Заделавшиеся звонарями мужики, что из-за лени и небрежности не всегда смазывали оси своих пронзительно скрипевших телег, тут старательно мазали тавотом ложа колоколов, рукавами свиток до блеска натирали металл с покатых боков и изнутри.

Когда серая фигурка Альяша отделялась от села, звонари хватали веревки и бронзовые многопудовые богатыри с высоты церковных башен величаво и торжественно оповещали всю округу.

«Иде-от!.. Вот он! Вот он! Вот он!..»

Сгорбленная фигурка старика приближалась к ограде, и перед ней начиналось столпотворение. Женщины с дикими воплями бросались к Альяшу — целовать его свитку, ноги, грязные до такой степени, что невозможно было определить, какого они цвета, штаны.
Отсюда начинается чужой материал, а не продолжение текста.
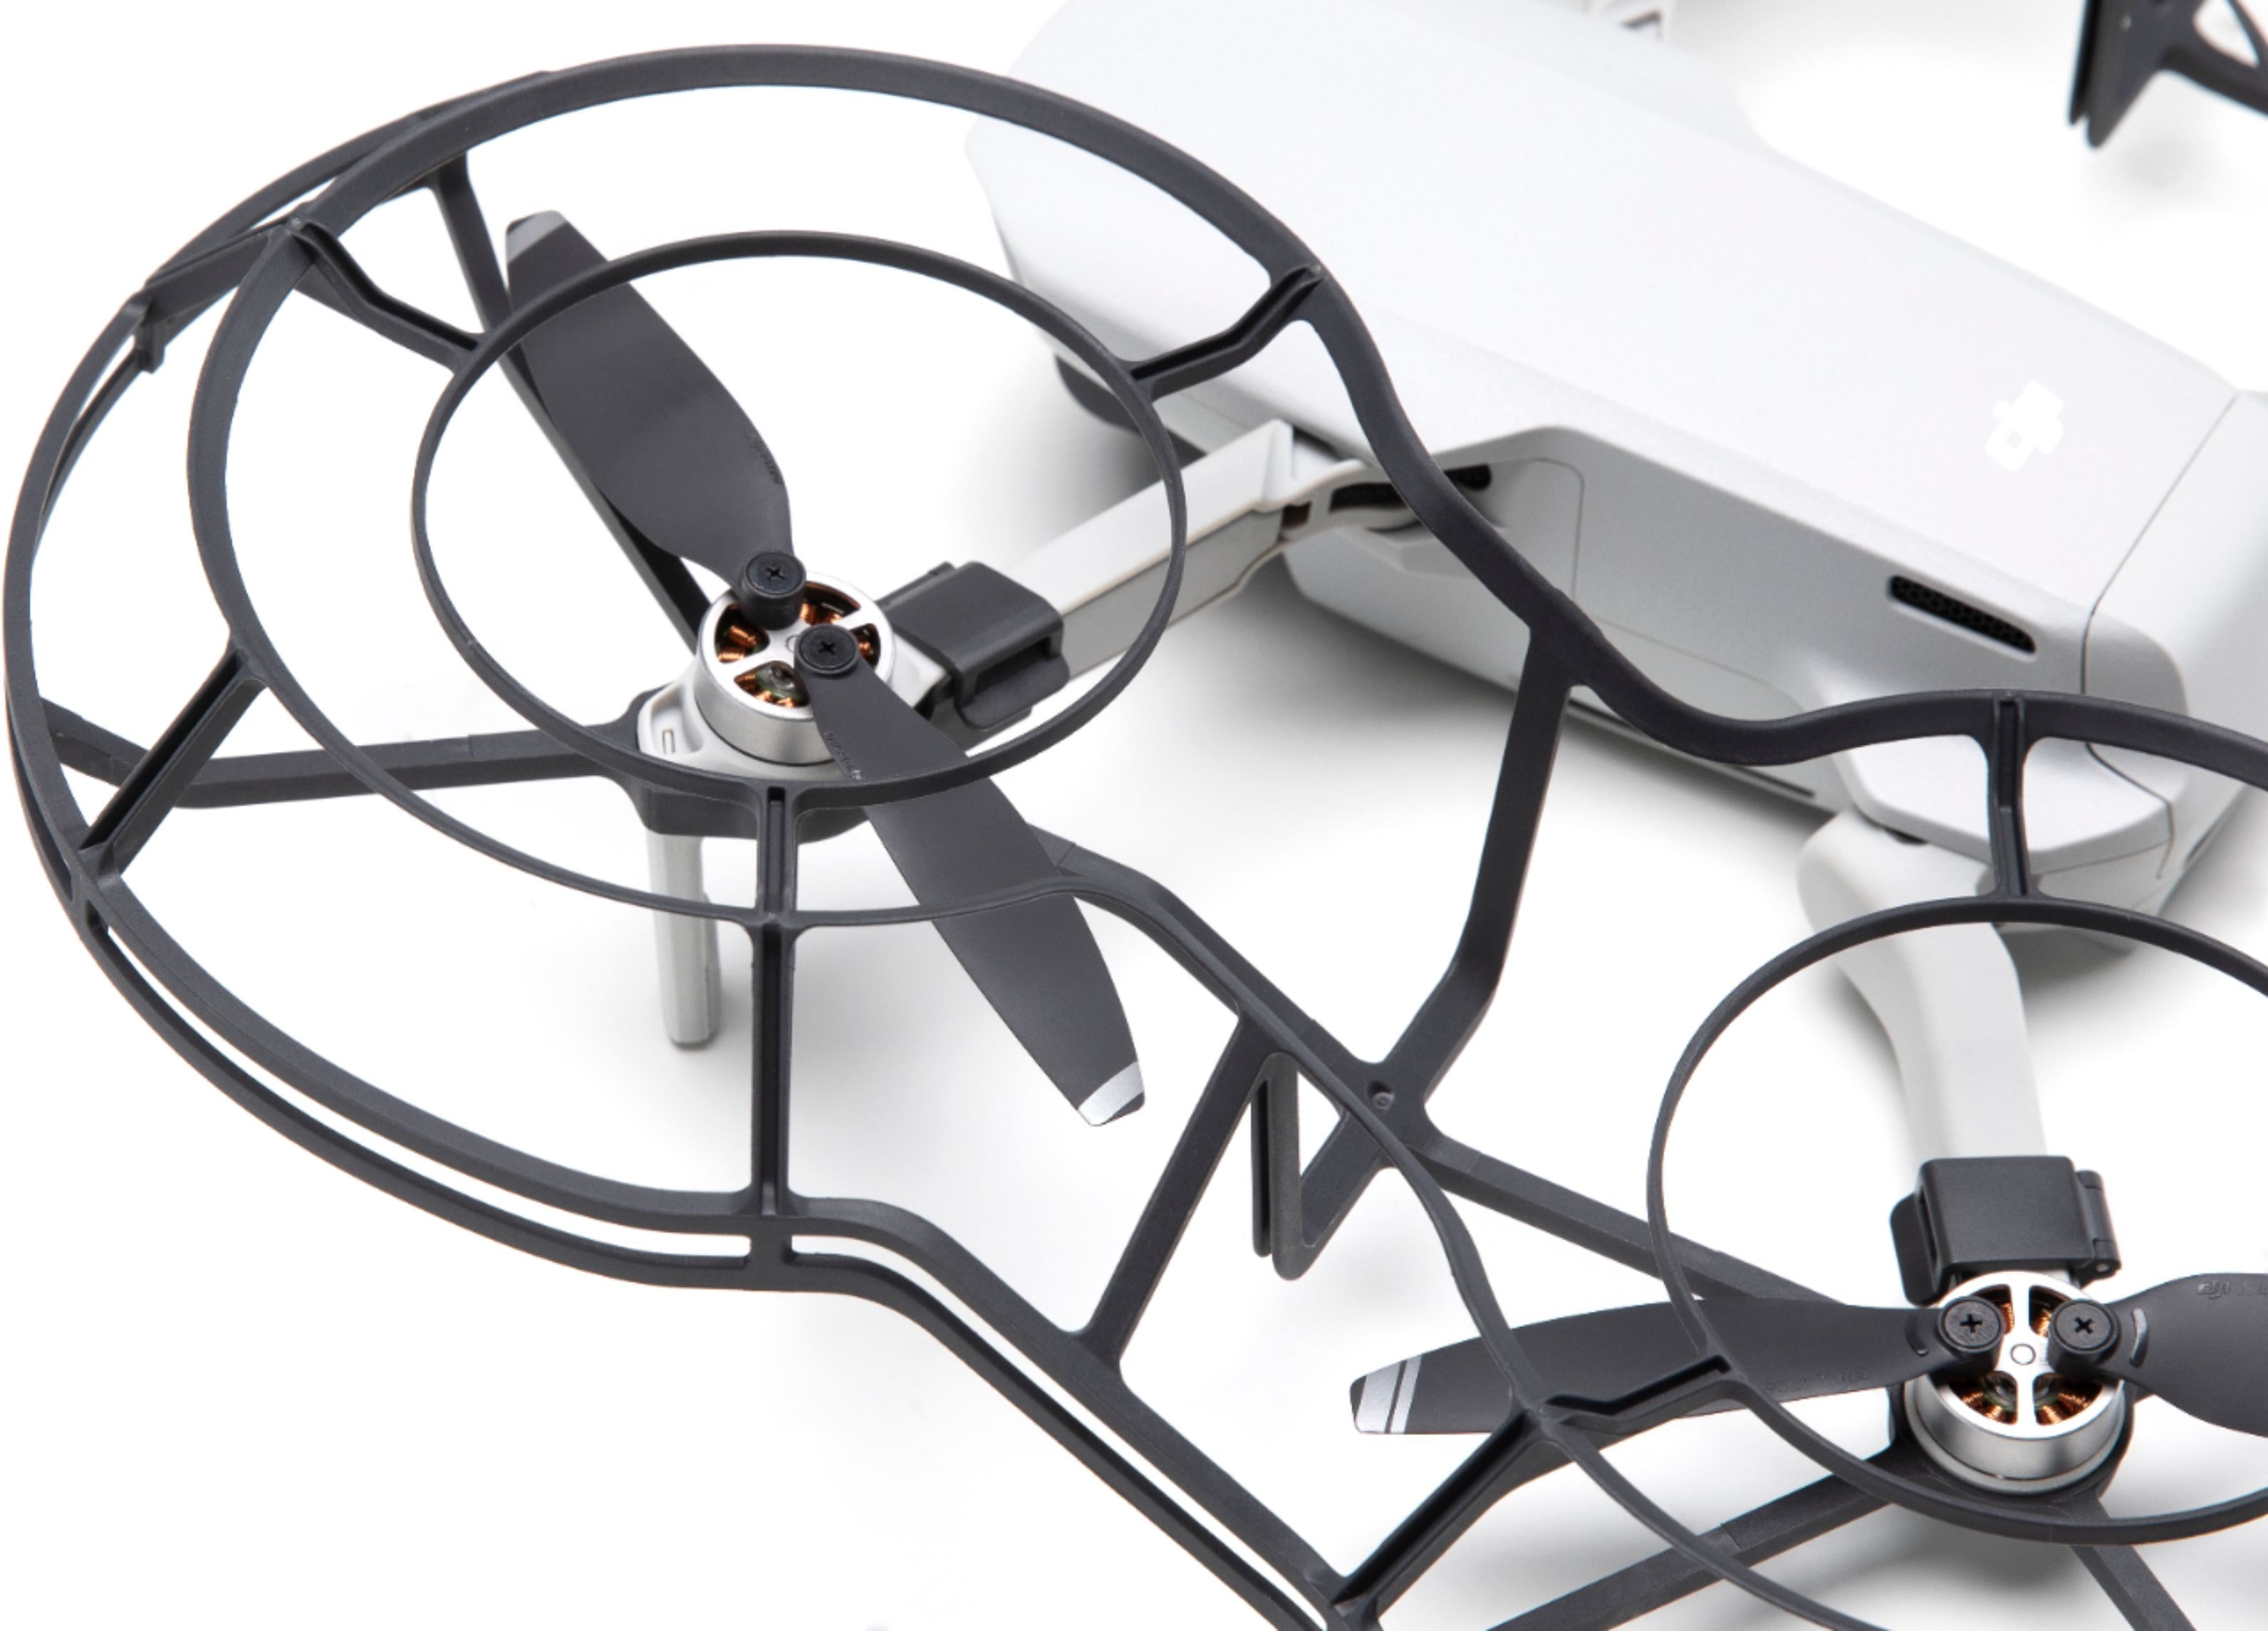 DJI Propeller Cage-part 31 Drone Flyer for sale online

Бом-м.. Тилим-тилим-тилим!.. Бом-м!.. Тилим-тилим-тилим!.. Громовые аккорды огромных, как пещеры, горл литой бронзы усиливали возбуждение толпы.

Дюжие телохранители брались за руки, бесцеремонно оттаскивали баб от пророка, прокладывали ему путь, не стесняясь при этом в выражениях:

— Чего торчишь, как кобыла жеребая?! А ну, назад!.

— Не показывай зубы, не на торгу, дай ему дорогу!

— А ты чего оглядываешься, корова? Не видишь, кто идет?!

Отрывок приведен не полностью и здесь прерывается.